Teaching is exactly the same way. I’ve known for a while that being a teacher is hard – and that the whole idea that “Those who can’t, teach” is a load of crap – and I’ve known that it’s something I really want to do, but being a teacher is another deal entirely. There is just so much stuff to get a hold on, and I’m afraid that I’m not fully doing it. My co-op really is being nice about it – firm, to be sure, but very nice. I really feel like I’m failing miserably, and no amount of reassuring me that “You’re not supposed to have a handle on this yet” is going to make me fine with that. Maybe it’s a little of wanting things to come naturally, maybe a little that I’m a perfectionist, but probably the main reason is that I feel like I’m letting students down, and I don’t really buy that my inexperience rationalizes that.

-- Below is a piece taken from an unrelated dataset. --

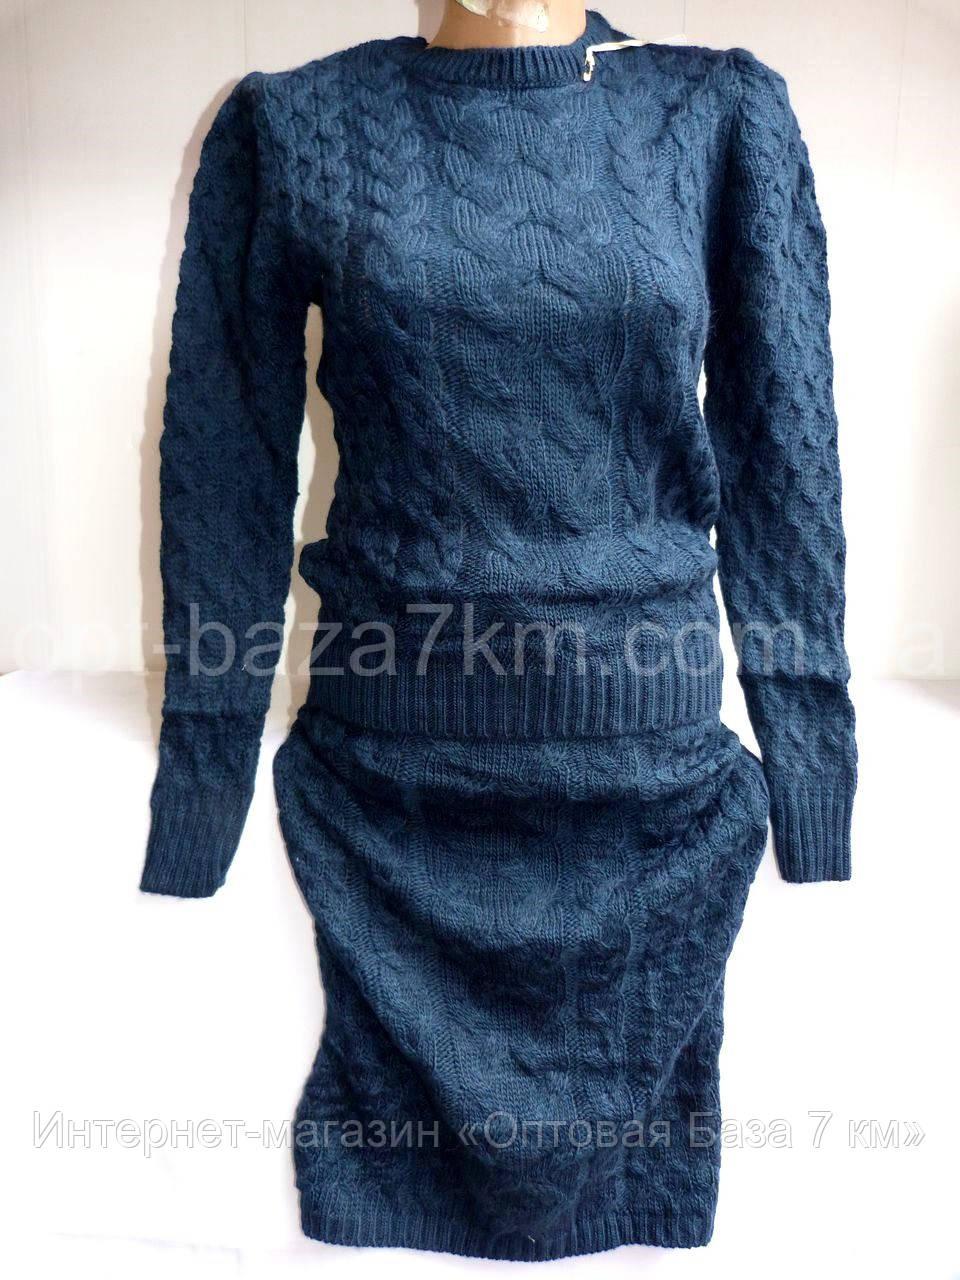 Костюмы женские оптом юбка+кофта купить в Одессе 7 км - вязка (42-46, норма) - Интернет-магазин «Оптовая База 7 км» в Одессе

Am I being too hard on myself? Almost certainly, but I imagine it’s a futile task to tell me that. What I have right now is sort of an irrational fear that I will simply fail at this whole teaching thing, despite being so passionate about it and so convinced that I have the abilities to help me work everything out. Part of it is that I fear that I will know what I should do and simply be unable to do it, which would be far worse than simply not knowing what to do – that can be learned.
So I’m trying to buckle down a little. I have research papers starting to come in and a large project to finish grading before those come in with force on Tuesday, and I also have to plan ahead for at least a week of instruction so I’m not spending a whole lot of time each night on planning that I could devote to grading those papers. It’s a good thing it’s a three day weekend, most definitely.
Additionally, I’m trying to structure my planning a little more strictly, even to the point of working out specific lesson objectives (which no one is requiring me to do at this point except for days I’m observed by my university supervisor) and spelling out my set inductions for each lesson. This does seem a little bit arduous, and certainly I griped enough about jumping through that hoop for my education courses, but I’ve decided to try the method and see if it works for me. Something needs to work, and I’m willing to take a stab at whatever seems to make sense.
Tomorrow is fortunately a half-day, so I don’t have as much to teach tomorrow, but I must take advantage of this time.
I do hope this fear is unfounded. But whatever it takes, I will not let this become a self-fulfilling prophecy.